Expresso
das Ilhas (cv), editorial
O
Primeiro-Ministro José Maria Neves em declarações à RCV disse que os consensos
obtidos em relação ao estatuto dos titulares dos cargos políticos “estão a ser
postos em causa designadamente pelo PAICV cujos dirigentes e militantes
destacados estiveram na linha de frente das manifestações”. A nova líder do
PAICV, também em entrevista à RCV, confirma que a sua comissão política
discorda de várias opções assumidas no diploma aprovado, nomeadamente a
actualização salarial que “não teria sido socializada” com esse órgão político.
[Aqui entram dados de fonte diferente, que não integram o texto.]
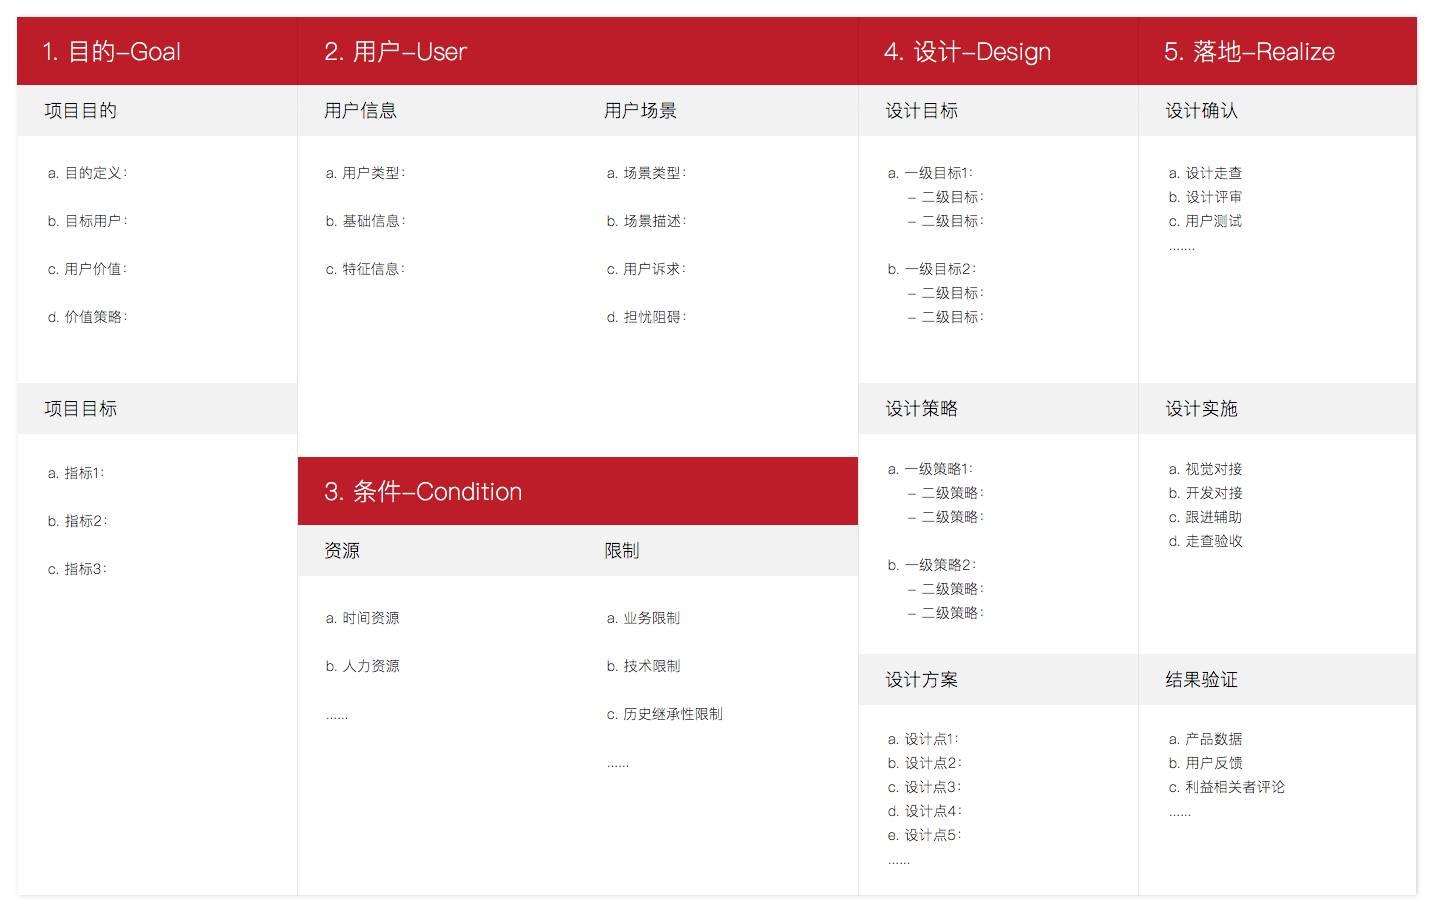 交互设计方法:GUCDR模型体系化的交互设计工具插图(1)
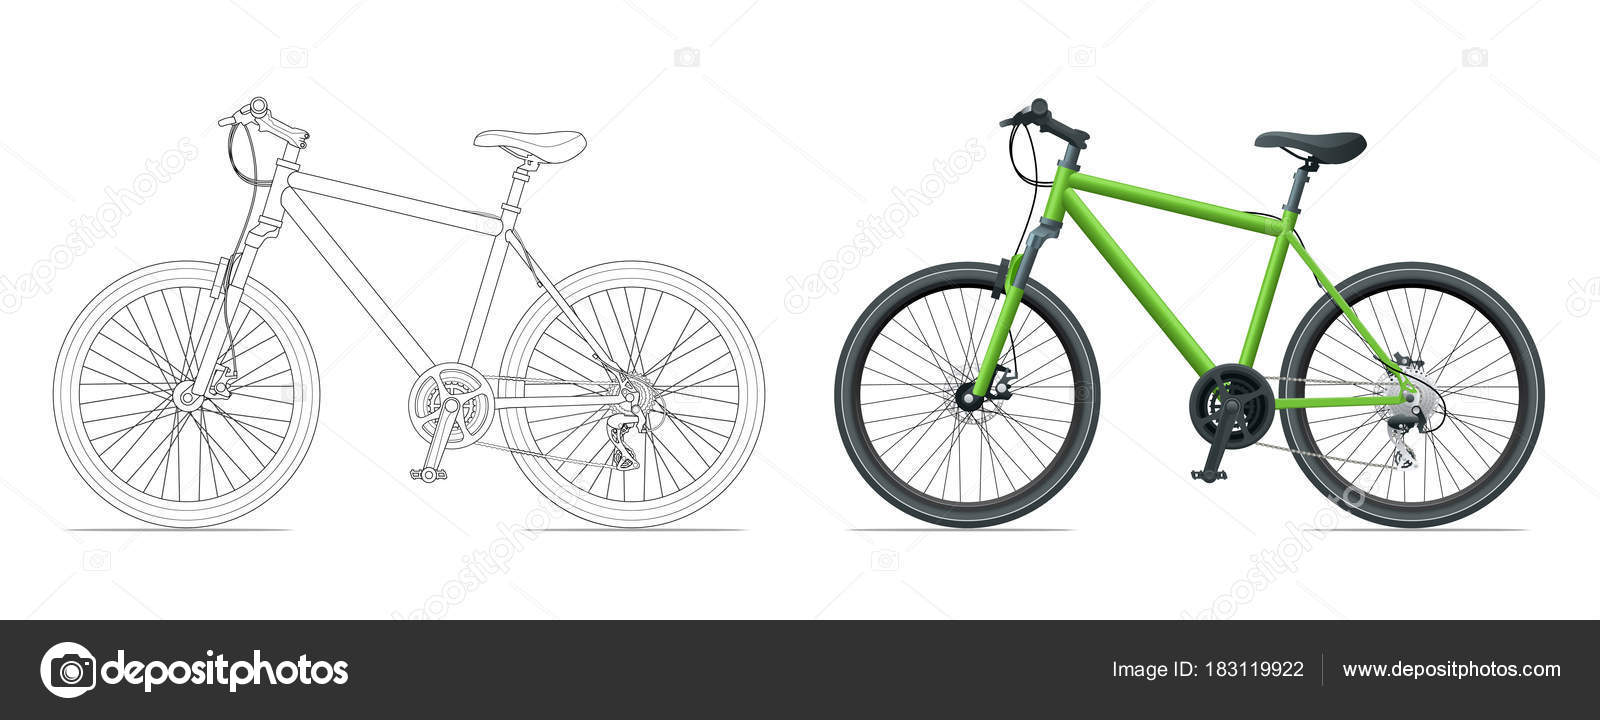 Übersicht Fahrrad Umriss isoliert auf weißem Hintergrund. Mountain ...

A divergência de posições entre o chefe do governo e a presidente do partido é
clara e aberta. O jogo político já ultrapassa as fronteiras do partido e já foi
para a rua: uma parte acusa a outra de estar à frente de manifestações e a outra
responde que há que ouvir os protestos das pessoas.
Como
fica a governação do país se a líder do partido que deve suportar o governo
está aparentemente em colisão directa com o governo. Como conciliar a situação
do PAICV como partido maioritário se a direcção do partido e a sua bancada
parlamentar dão sinais de estar de costas viradas. Uma consequência desta
situação pouco usual já é visível. Segundo o PM, no que respeita ao estatuto
dos titulares dos cargos políticos, o consenso que já vinha desde 1997 foi agora
posto em causa e teremos de repensar tudo isto e eventualmente até determinados
aspectos da vida política nacional, ou do sistema político, designadamente o
sistema eleitoral, o financiamento dos partidos políticos, o financiamento das
campanhas eleitorais, etc.
Uma
outra consequência poderá verificar-se no futuro próximo. Se se verificar um
veto presidencial ao diploma legislativo, como irá proceder a direcção do
PAICV? Irá trabalhar contra a vontade prevalecente na sua bancada parlamentar e
no governo para evitar que haja uma maioria que confirme os estatutos
aprovados? Por quanto tempo se poderá suportar a fricção aberta entre a
liderança do partido e a presença institucional do partido no parlamento e no
governo?
Num
editorial recente este jornal chamou a atenção para o facto excepcional de o
chefe do governo não ser chefe do partido. Argumentava-se que tensões podiam
surgir entre membros do governo que foram rivais na luta pela liderança ou
entre o novo líder do partido e o antigo líder que ainda se mantém com chefe do
governo. Em qualquer das situações haveria uma perda inequívoca da eficácia do
governo com o desenvolvimento de lealdades paralelas que inevitavelmente
acabariam por surgir. Apontamos então que por uma outra via podia-se repor a estabilidade,
previsibilidade e transparência no exercício do poder: ou o primeiro-ministro
demitia-se e entrava o novel presidente numa posição cimeira no governo ou
então o governo ainda por ele chefiado renovava a sua relação com a maioria
parlamentar através de uma moção de confiança. Não tendo ido por uma ou outra
via é que se chegou à situação actual de corte caricato entre o partido,
detentor da maioria dos votos nas últimas eleições legislativas, e a sua
bancada parlamentar. No mesmo sentido se constata falta de sintonia e de
articulação com o governo.
As
manifestações populares na capital e em várias outras ilhas, pela juventude dos
participantes, exuberância demonstrada e paixão colocada nos protesto têm
“efeito de gasolina” neste ambiente político em rubro. O facto de serem
raras – a última manifestação com fortes tonalidades políticas provavelmente
aconteceu em 2006 contra a Electra então dirigida pela empresa portuguesa EDP –
os governantes e em geral os políticos desabituaram-se com o descontentamento
visível e ruidoso dos cidadãos. Quando se deparam com protestos mais vigorosos
não dão a aparência de serenidade que é fundamental para o funcionamento do
sistema político e da sociedade. Na verdade, não se pode deixar de ouvir as
pessoas, mas também ninguém governa a partir da rua.
A
extrema sensibilidade e mal-estar demonstradas perante o que o PM chamou de
actualização já tardia dos salários dos titulares de cargos políticos fixados
em 1997 revelam o quanto as pessoas percebem que vivem num ambiente de soma
zero. O que é ganho para ti, deve ter sido subtraído de algum outro. Em
ambiente de fraco crescimento, desemprego elevado e diminutas oportunidades, a
desconfiança mútua aumenta, cresce o desespero e a falta de confiança nas
instituições aprofunda-se. Cabe aos governantes e aos representantes legítimos
do povo manter a sociedade inclusiva, combater a impunidade e renovar a crença
num dia melhor derivado do trabalho e da capacidade de cada um dos seus membros.